On Writing, Unfiltered Thoughts

I Seem to Suffer from Writer’s Anxiety

Have you ever sat (or stood) somewhere in the middle of a lively conversation and had absolutely nothing to contribute? Have you ever been forced to listen while those around you ask insightful questions, spit out hilarious responses, and come up with sarcastic quips in the blink of an eye? And all the while, you’re trying not to look like Joey Tribbiani from that one episode of Friends, the one where he reads the V encyclopedia in order to sound intelligent, while the group moves from Vivisection and the Vas Deferens to the Korean War.

Sometimes I feel the same way about my writing. There are so many voices out there, so many of them better or cleverer or catchier than mine. And while I don’t expect to be the greatest writer of all time, or even one of them, I find it almost impossible to judge myself in an objective way. Sometimes I’m saying exactly what I want to say, and I think–Wow! I really have gotten the hang of this. Other times, every single word that comes out of my brain reads like the most pure, unadulterated crap. Never mind that it’s the same words I thought were great a few days before. The way I see my writing is dependent on so many factors that I fear I’ll never know if I’m any good at it or not.

I remember reading years ago that other artists and creative types (I’m talking the true geniuses here, the ones most people know and admire) are almost never truly satisfied with their own creations. That’s crazy, I would think. How can you have millions of people who know you and love what you do and still think you’re awful at it?
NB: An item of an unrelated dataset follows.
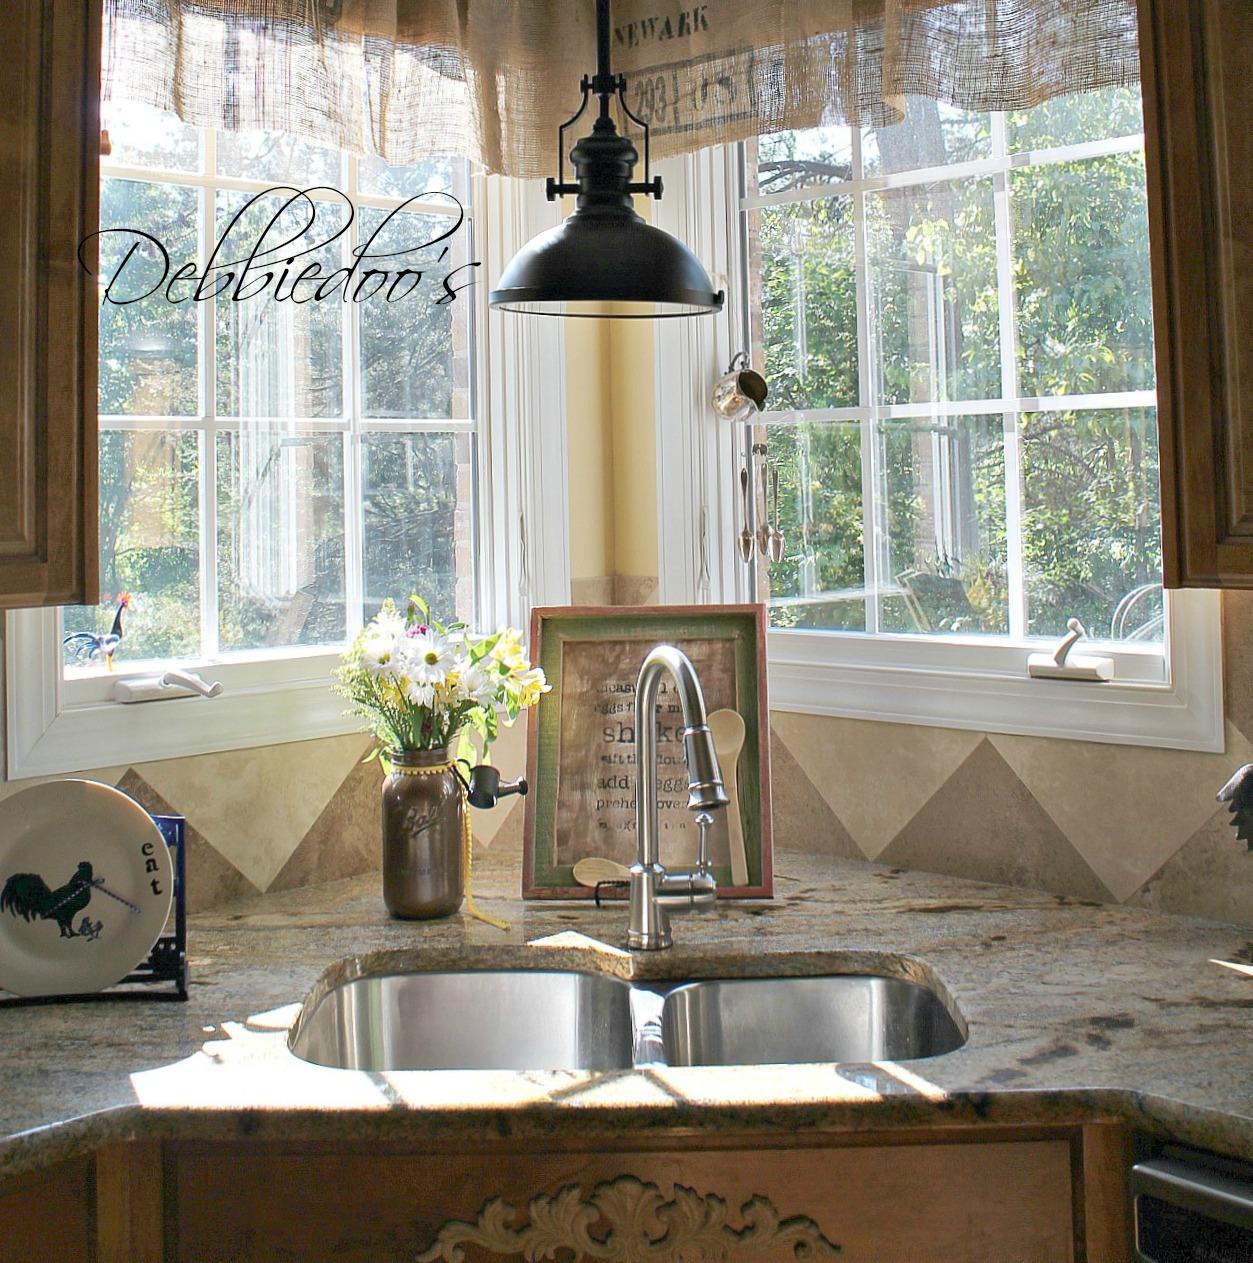 sunny mason jar in window 001

Well, I think I know now. Because no matter how large (or small, in my case) the audience is, art itself is such an intensely personal thing. I remember downloading self-published novels on my Kindle and feeling smugly superior to so many of those writers, picking apart grammar, sentence structure, and plot (or lack thereof) with the glee of a child demolishing a tower of blocks. I would think how much better I could do, as evidenced by the wonderful stories bouncing around in my head, all of which simply had to be more worthwhile than all of the pulpy garbage I would wade through in order to find something readable.

Fortunately for my younger, more judgmental self, I eventually realized that putting those stories on paper is about a million times harder than dreaming them up. Everyone has ideas. What separates a writer from a non-writer is their ability to flesh them out, to build the world and add structure to it, to insert in the exact right way all the details that make characters believable, rather than two-dimensional cutouts. And when I realized all of this, it finally hit me just how much blood, sweat, tears, and effort go into every piece of artwork that has ever existed.

As creators of art, we open ourselves up and reach deep inside to the forge of our soul, hoping that what we pull out will be a shiny new piece with a recognizable shape and a pleasant aesthetic. Most of the time, though, it starts out as a lump of dull metal, in sore need of pounding and polishing. No matter how hard we work, the simple fact is that many, if not most, of these lumps stay that way forever. That doesn’t mean we don’t give each one our best effort. And who’s to say that a terribly misshapen lump won’t eventually turn out to be one of our inadvertently best efforts? OK, perhaps that’s a bad example, but the point is that it’s impossible to predict ahead of time what will be worth your time and what won’t be. For me, it’s a feeling. It’s the way the words flow out of my head and onto the screen. It’s coming back to a page or a chapter, reading it, and thinking, Wow. It’s almost as if a real author wrote this.

Too many times, though, that misshapen lump just doesn’t turn into the David I know it could be. And that’s not the fault of the forge or the metal. It’s that I don’t yet have the tools or the resources to turn it into what it should be. But I keep pounding at it. I keep trying to come up with the words, the right words that will turn my latest work into something worth reading. And I keep trying to pick up a loose thread in that endless conversation. Hopefully some day, I will.